• [Your instructions]
This exercise calls for the data below to be retyped exactly, minus any images.

• [Collected material]
......

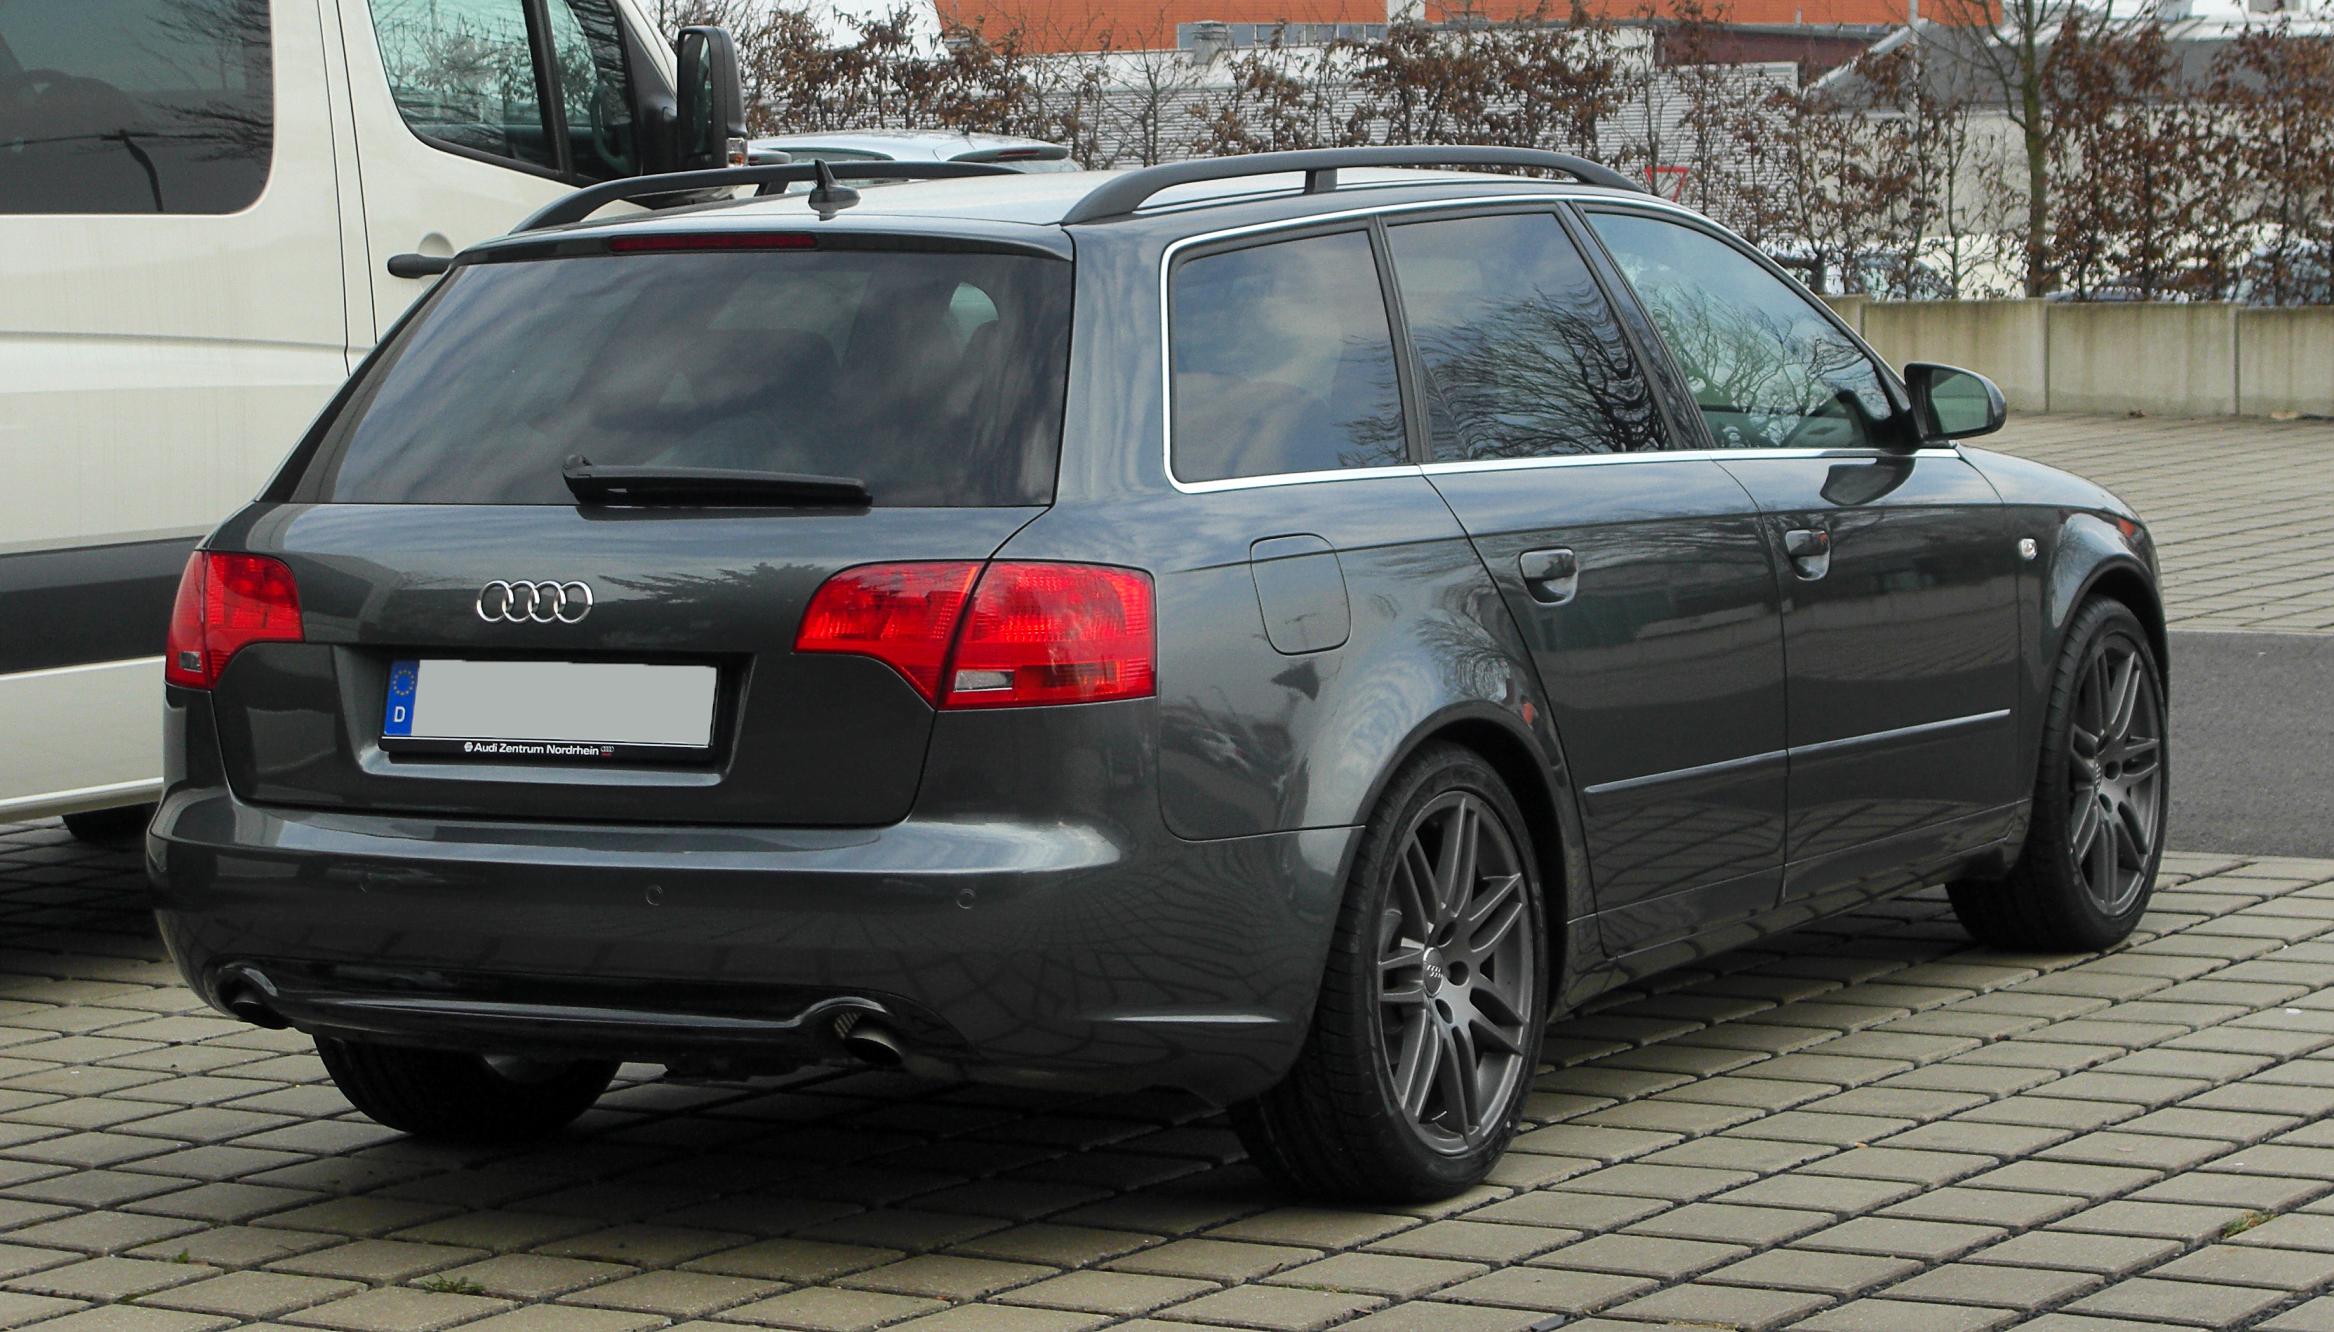 File:Audi A4 Avant (B7) – Heckansicht, 12. März 2011, Düsseldorf.jpg - Wikimedia Commons
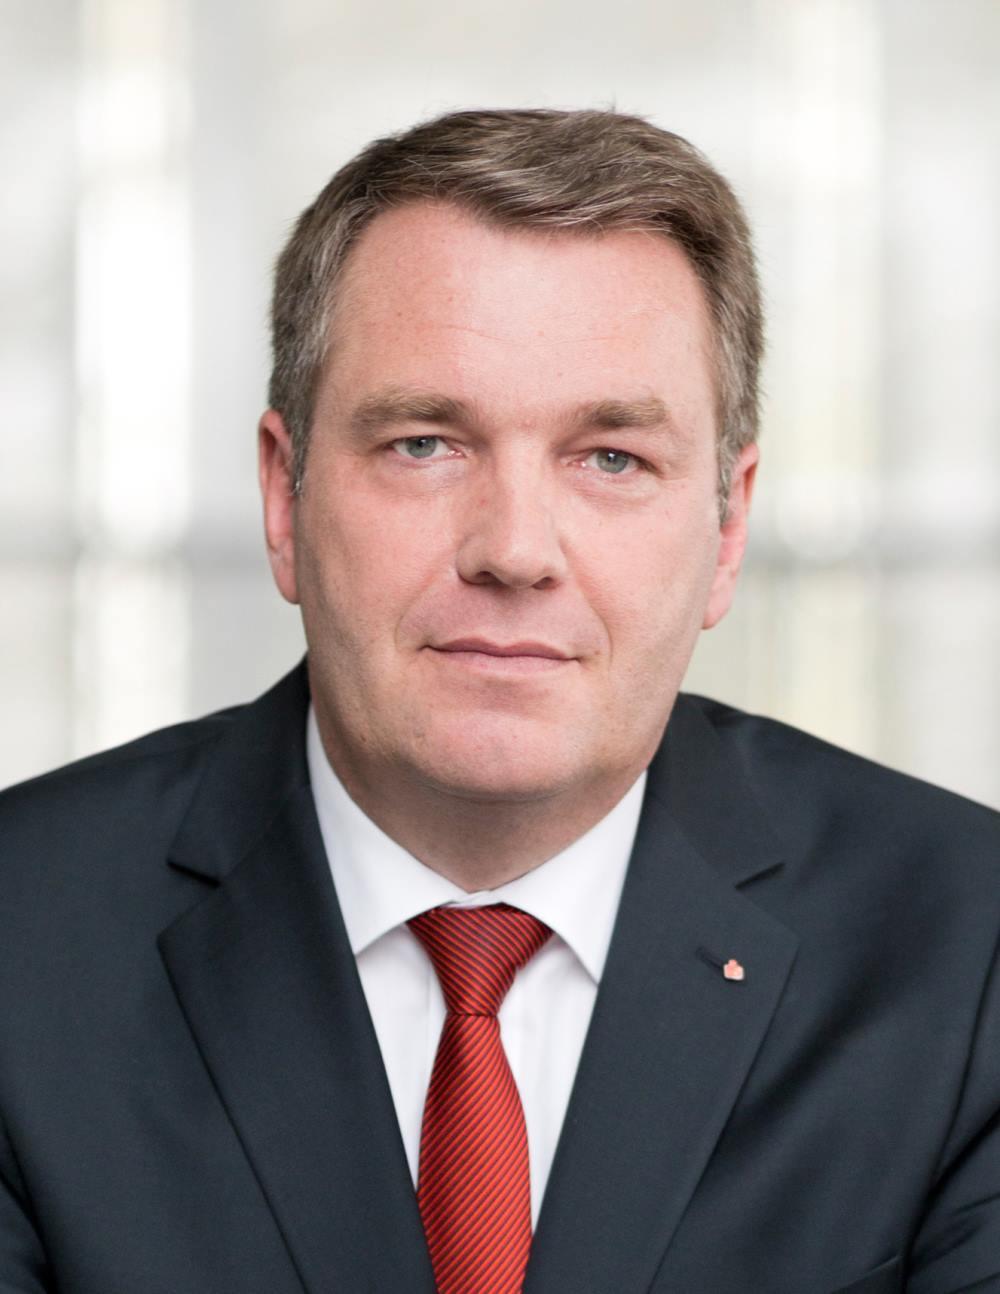 Hr_Linnebank
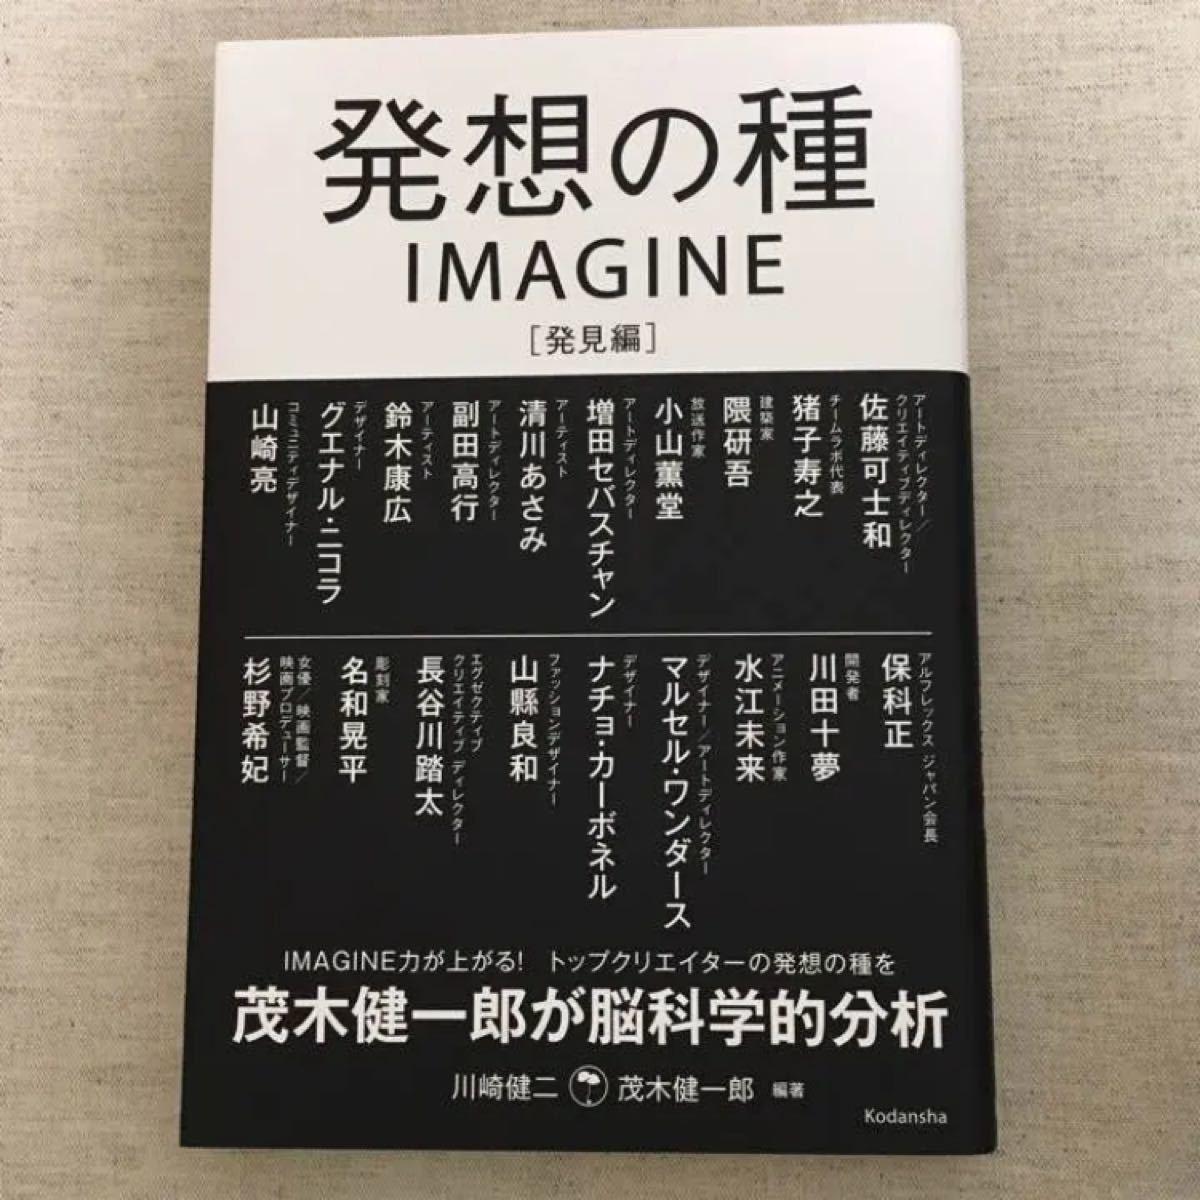 発想の種 IMAGINE 川崎健二 茂木健一郎

......

• [Response]
 File:Audi A4 Avant (B7) – Heckansicht, 12. März 2011, Düsseldorf.jpg - Wikimedia Commons
 Hr_Linnebank
 発想の種 IMAGINE 川崎健二 茂木健一郎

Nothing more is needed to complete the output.